New service station in Jacksonville AZ owned and operated by the Gouge Bros.
The guys make no bones about what it will cost to filler up!


----------



## chaingun (Jan 4, 2008)

OPPs


----------



## Torby (Jan 2, 2008)

I think that's where I got gas last weekend!

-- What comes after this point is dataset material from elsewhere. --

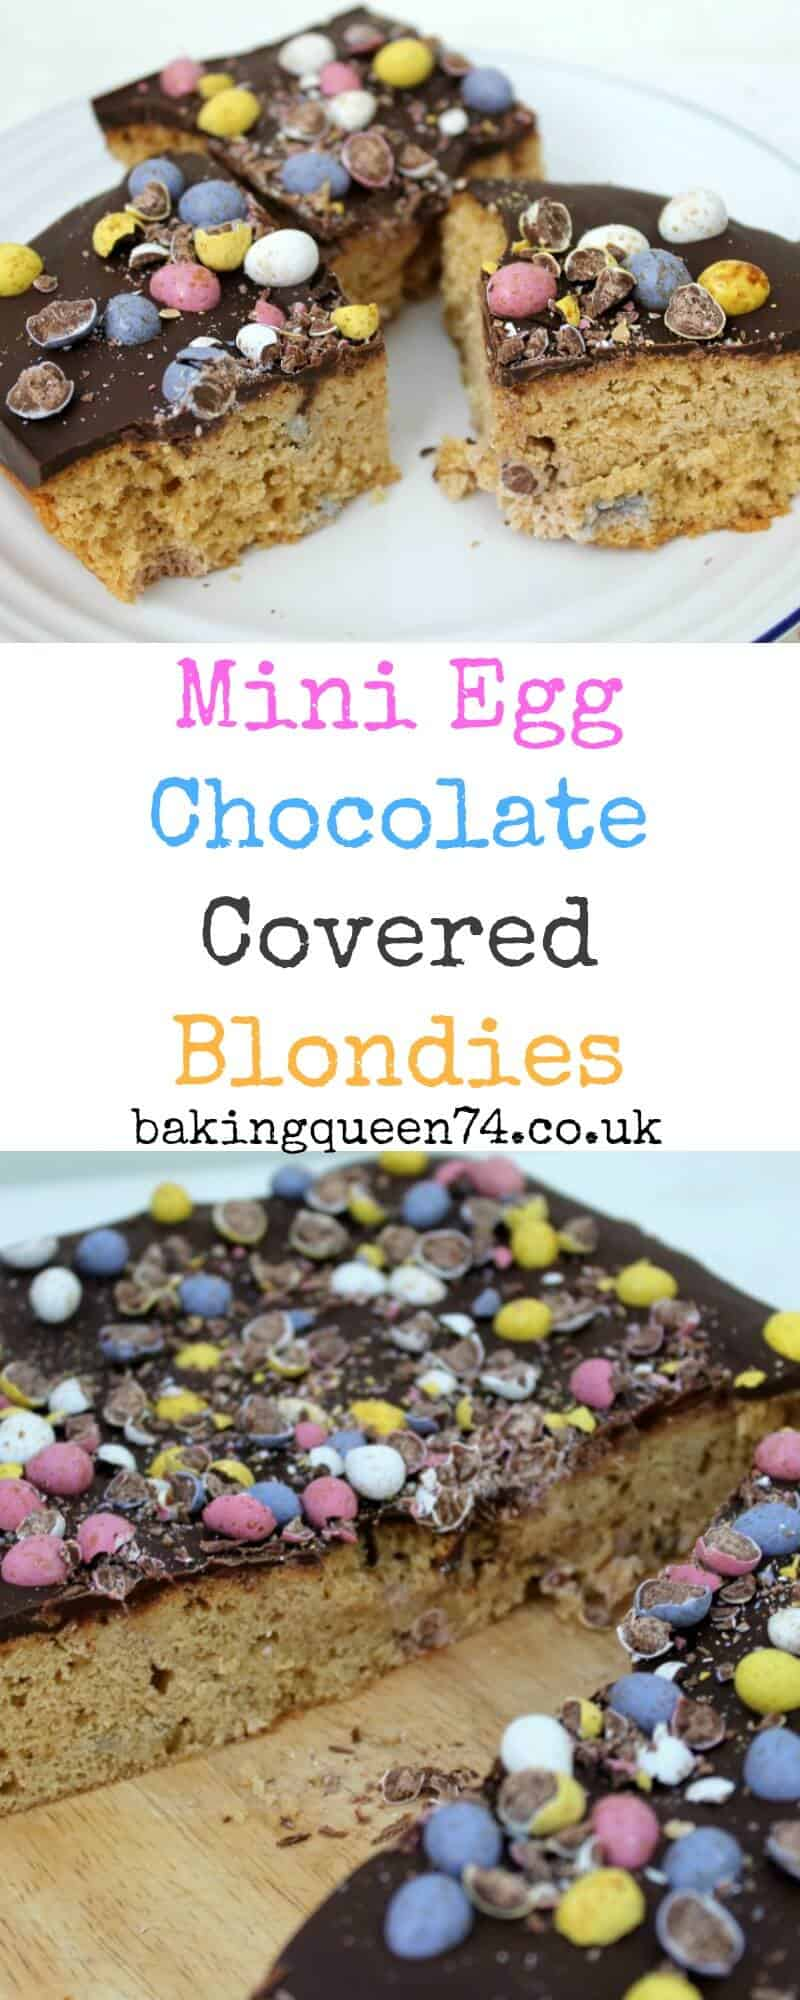 Mini Egg Chocolate Covered Blondies Bakingqueen74

Or maybe that was the taco place


----------



## Jerry Barnes (Jan 2, 2008)

*RE: Arm & Leg Service Station*

Nice job, neat signs.


----------



## Duncan (Jan 2, 2008)

*RE: Arm & Leg Service Station*

Good job, Ted!!


----------



## San Juan (Jan 3, 2008)

Super job.

Nice use of detailing too. Is that the Model Power Esso sign?


----------



## Therios (Sep 28, 2008)

Nice work! I really like the details.


----------



## chaingun (Jan 4, 2008)

*RE: Arm & Leg Service Station*

Ted Johnson 
GYT&S RR 
(Grit Your Teeth & Spit RR) 
Bouse, AZ


----------



## chaingun (Jan 4, 2008)

*RE: Arm & Leg Service Station*

OOOPS again!, dang puters!! 
Thanks all ! 
Ya Matt thats the one. 
6 
Best, Ted 
Ted Johnson 
GYT&S RR 
(Grit Your Teeth & Spit RR) 
Bouse, AZ


----------



## Greg Stevens (Jan 3, 2008)

Yeah Ted, that works just fine. I like the signs, No Bull.


----------



## Robert (Jan 2, 2008)

*RE: Arm & Leg Service Station*

Ted 

Really like the station. The curved wrapping worked out quite well. What is the source for the pop machine? 

Robert


----------



## chaingun (Jan 4, 2008)

*RE: Arm & Leg Service Station*

Ya Greg I remember a old station that my dad use to gas at that had that sign. 
Robert, Evilbay under G scale trains /accessories.


----------



## aceinspp (Jan 2, 2008)

Very nice in deed. Lots of detail. Later RJD


----------



## Ray Dunakin (Jan 6, 2008)

*RE: Arm & Leg Service Station*

Very nice! I like the details.


----------



## John J (Dec 29, 2007)

That looks great.
I too like the signs.

There is a guy That is the service man for Colorado Wandering around Bouse trying to find Ted's layout. I gave him directions. But He has his cell phone off. 
What a twit. 

He came down there to visit some relative. Asked me what to do in Bouse. So I told him to go look the train layout.


----------



## Richard Smith (Jan 2, 2008)

Very nice job Ted. The name really fits too.


----------



## suleski (Jan 2, 2008)

Ted - The town of Jacksonville will be sending you a fine for that illegal sidewalk sign. You know they are allowed in that district. 
Nice job on the signs though.

Scott


----------



## chaingun (Jan 4, 2008)

*RE: Arm & Leg Service Station*

Scott, 
The Gouge Brothers give all Jacksonville city council members free oil changes & tune-ups, 
so needless to say they had no problem getting a variance on the sign code.


----------